We think of the Outer Church as a foot stamping down on deviancy and self-expression. But there is also that element of it that is embodied in The Hunt, the part that revels in saying "We are so above you that morality no longer applies." As much as De Sade's drive toward freedom pushes him to The Invisibles, his drive toward cruelty pulls him to the Church, to worship at the impure altar.

(And speaking of the Church, it really is no surprise that all of the worst elements of the revolution are contextualized as a religion, is it? Remember, kids: College good, church evil!
I'm being facetious, but, like I wrote last time, a college is challenging, often formless, while religion, as detailed in the 5-step mysteries (in the sense of a religious ritual) of the guillotine, is structured, comforting.
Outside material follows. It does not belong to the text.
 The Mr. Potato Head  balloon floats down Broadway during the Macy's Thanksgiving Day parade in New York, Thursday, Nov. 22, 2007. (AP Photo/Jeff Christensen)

It appeals to the part of us that wants familiarity and the ability to just follow orders without having to think.)

An apple from the teacher
And meanwhile (25 years later, 175 years ago...) we have Mary Shelley making her way across Europe, at her husband's idealistic insistence, with two sickly children (neither of whom is long for this world, I regret to inform you).

Her journey is the human cost of revolution on a personal scale. A change, made with the best intentions for the good of all, with terrible consequences for the weak and the sick. And with a mysterious traveling companion, who offers wisdom and apples.

I read him as Death, a conclusion that took me a surprising amount of time to come to. He is not hostile to the goals of the Invisibles. But he is also a reminder of the costs. He is with you, when you try to change the world, kindly, offering support, but still taking his due.


Sacrifice
Case in point - Orlando's arrival at the windmill. Dane has been sick for the entire trip, and while it's possible to interpret that as inexperience, it seems more likely that his own psychic warning systems are just kicking in much, much more strongly than the others. And as the guillotine falls in human sacrifice in Paris, so does Orlando's blade fall on Dane's fingers... And like les tricoteuses, he has no intention of stopping with one cut.

In fact, let's reverse the metaphor. Orlando's going to disassemble everyone, as he puts it, bit by bit by bit... So what does that say about the true purpose of St. Guillotine?